==== SOURCE MATERIAL ====

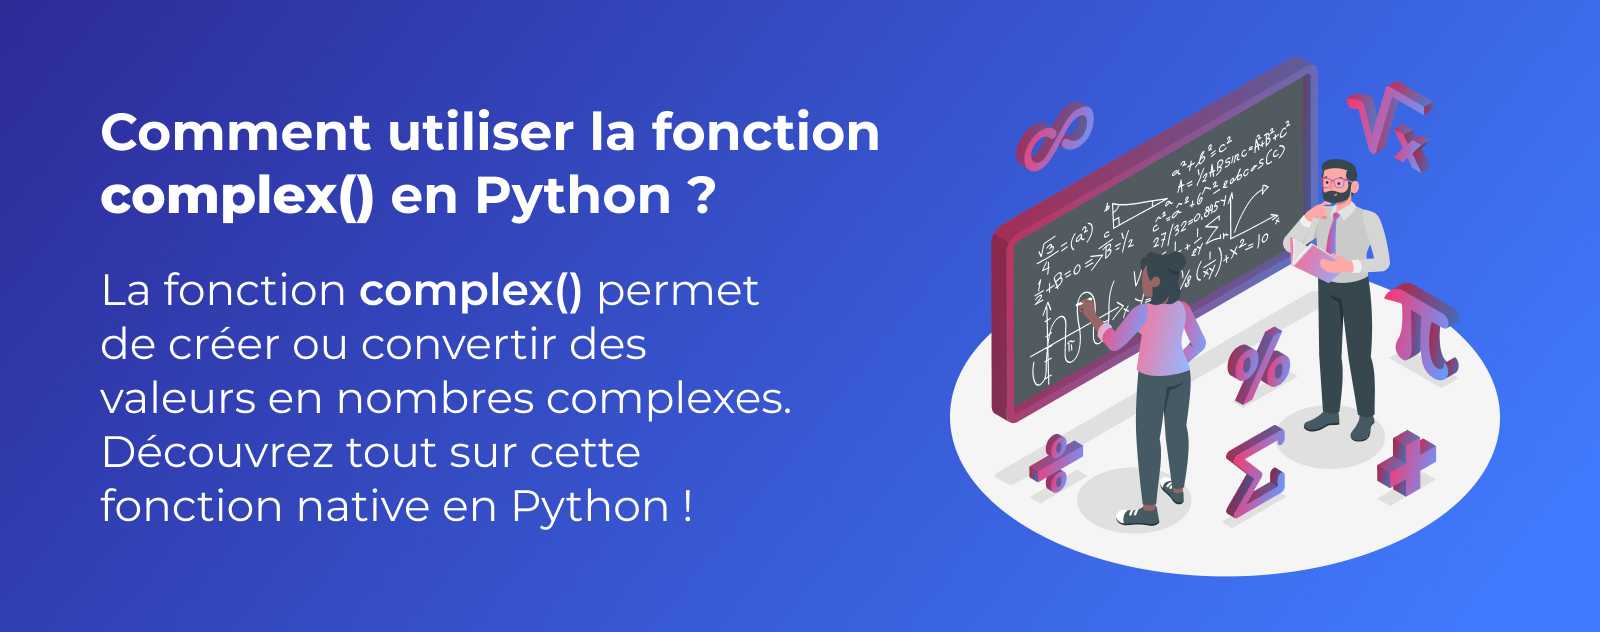 La fonction complex en Python
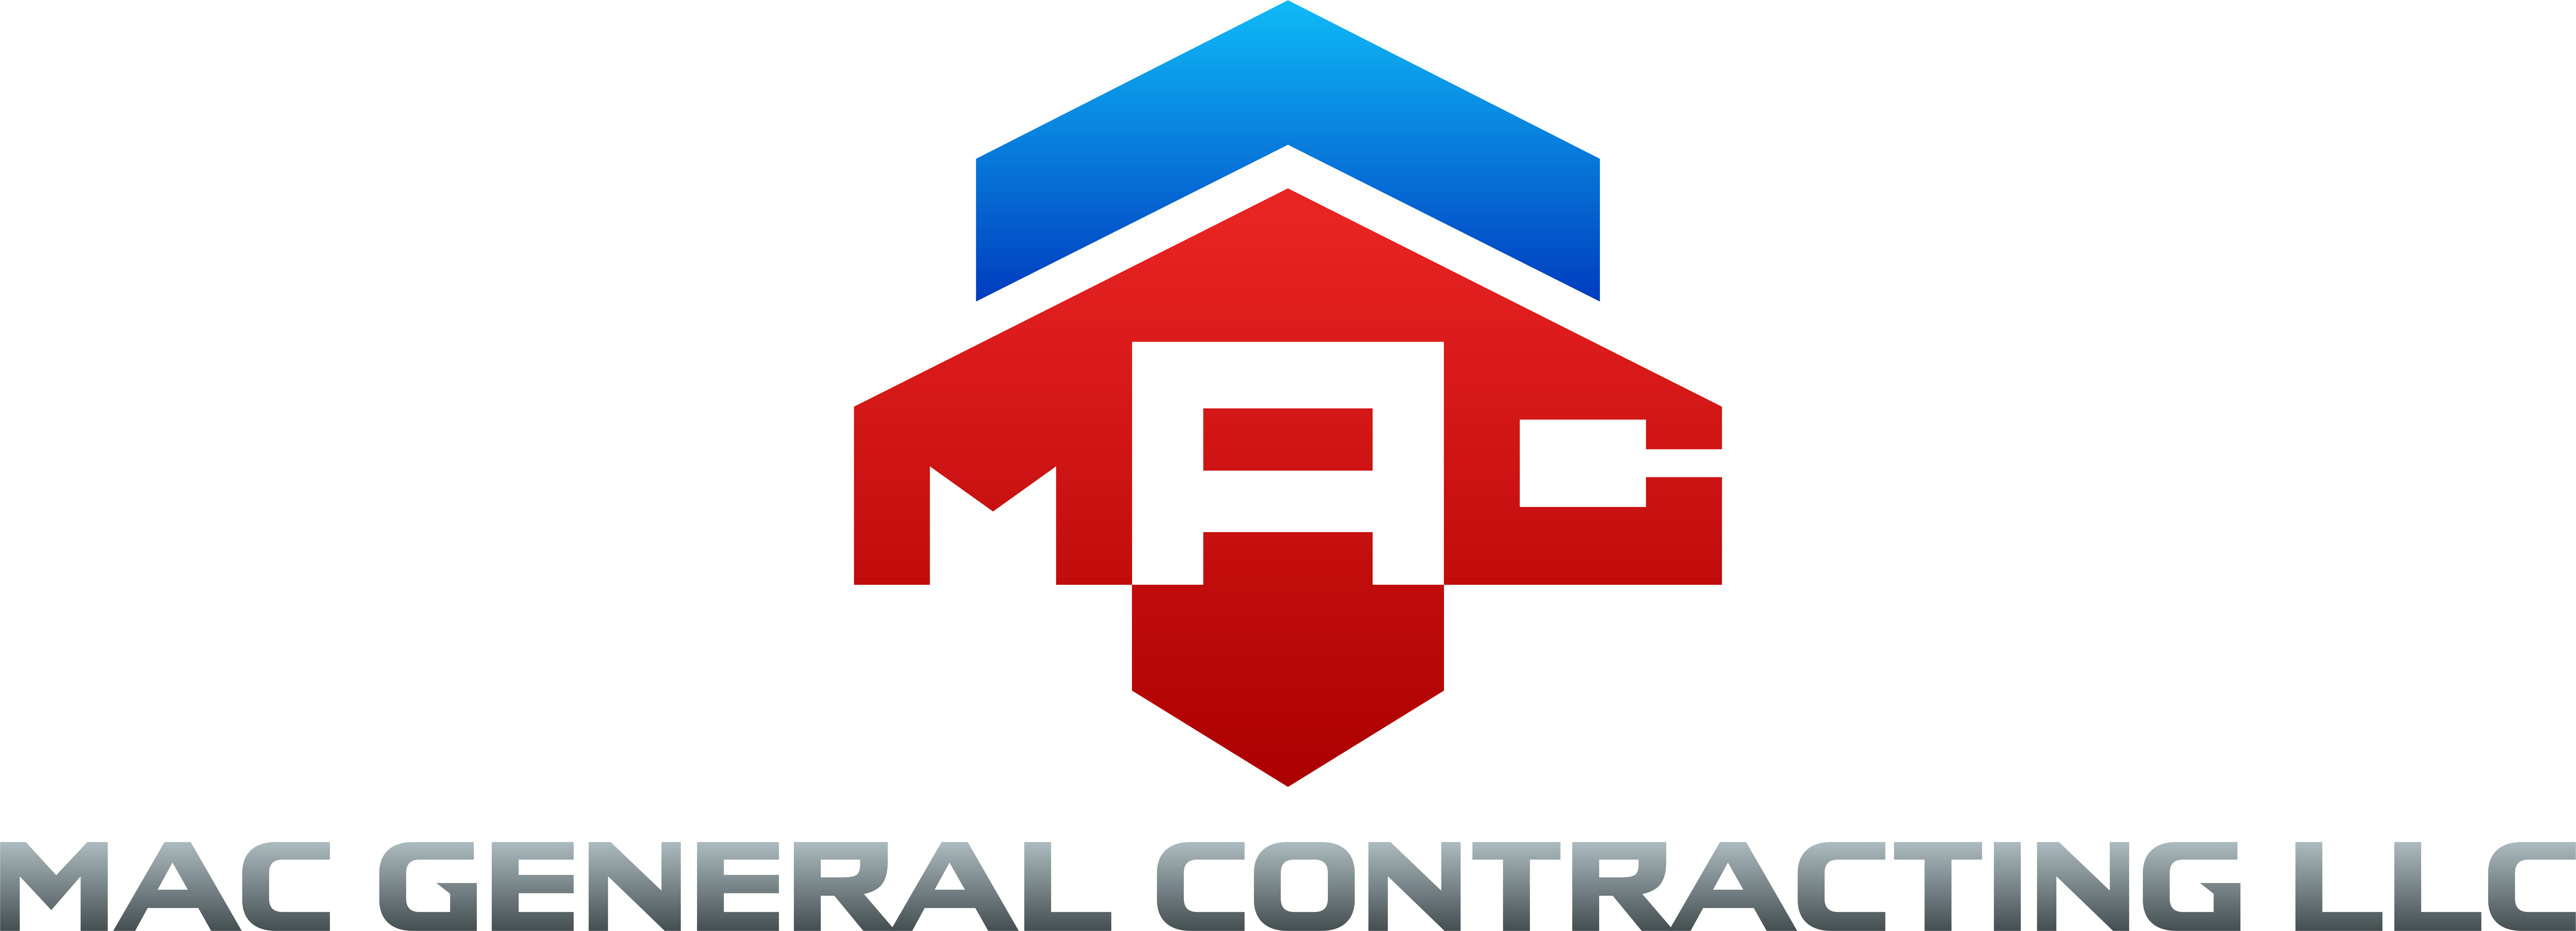 MAC General Contracting LLC Logo
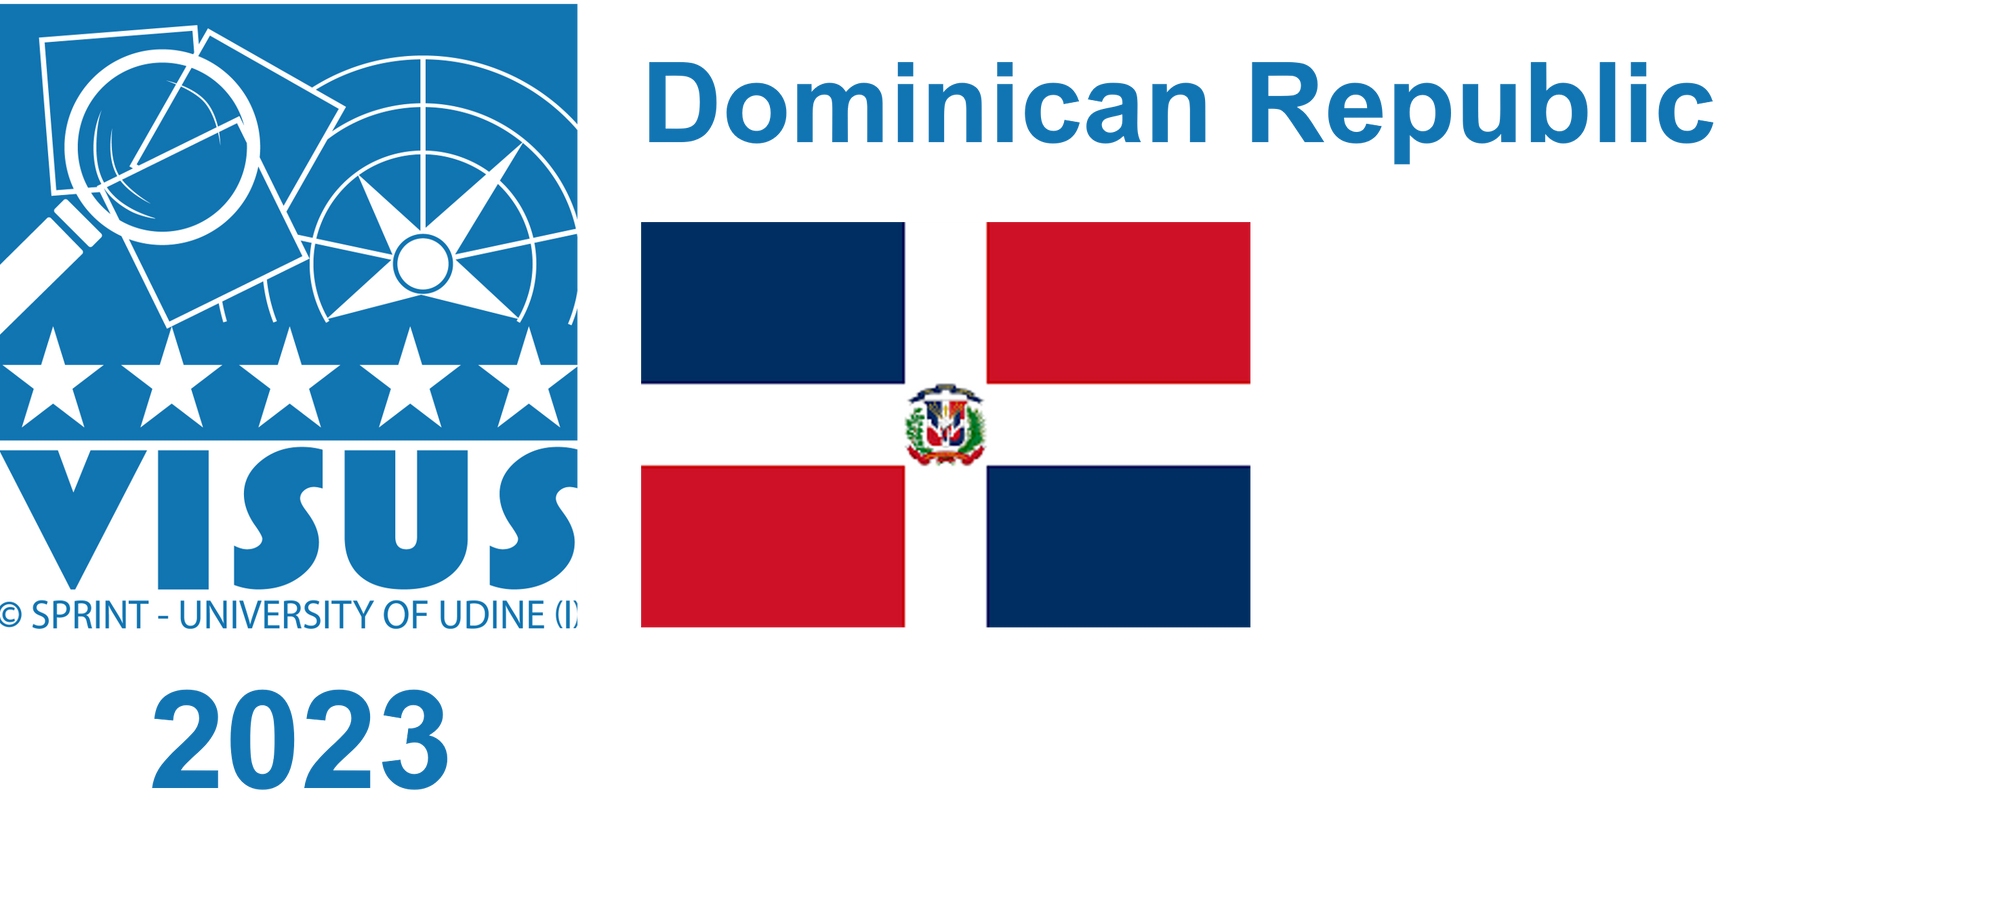 Dominican Republic, 2023
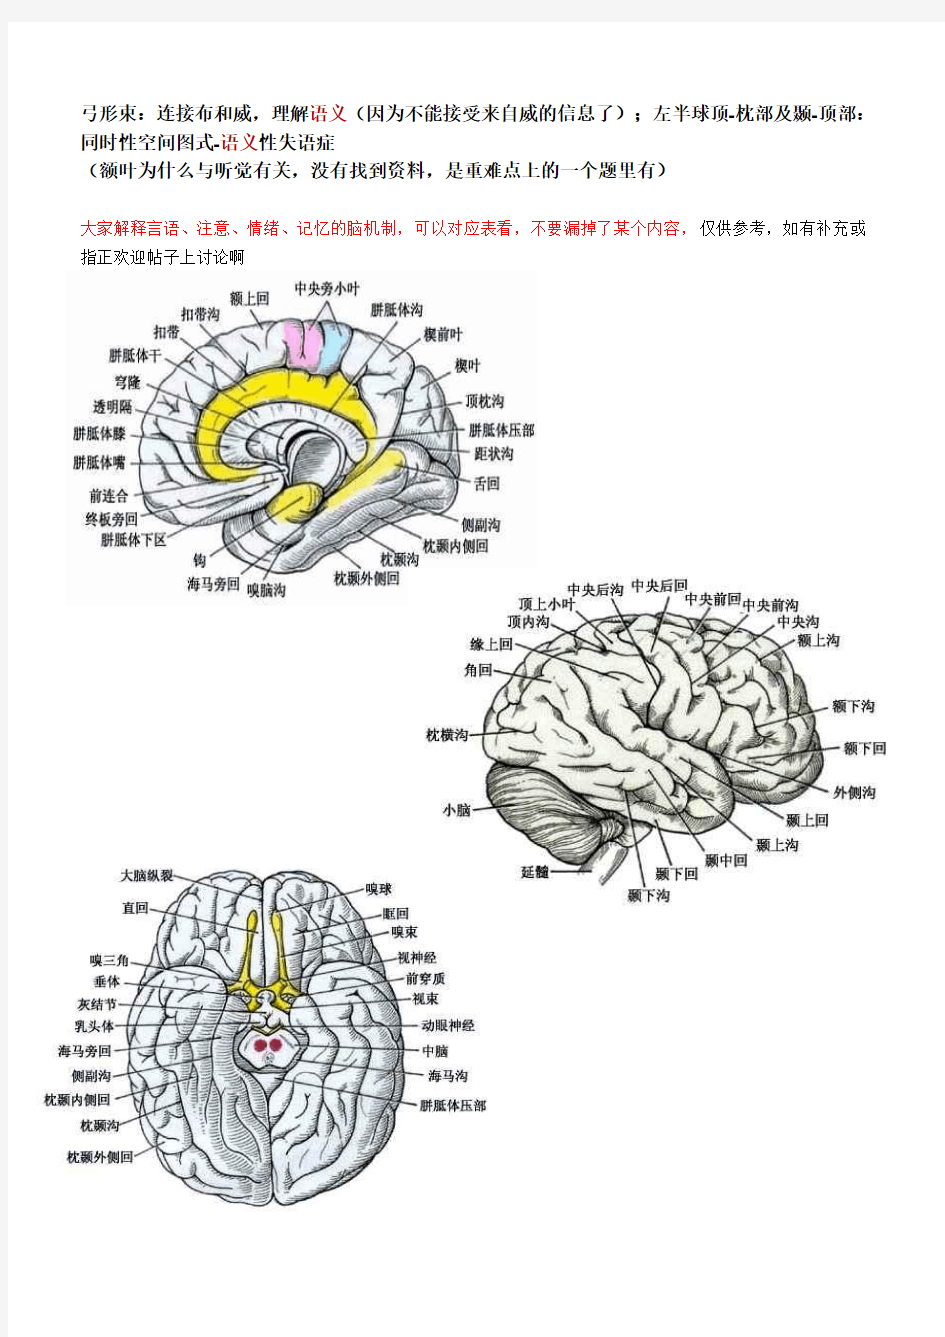 大脑各区功能整理-附脑结构图(搞定这个选择题吧)

====

The complete listing must be transcribed verbatim, and all pictures are to be omitted.

 La fonction complex en Python
 MAC General Contracting LLC Logo
 Dominican Republic, 2023
 大脑各区功能整理-附脑结构图(搞定这个选择题吧)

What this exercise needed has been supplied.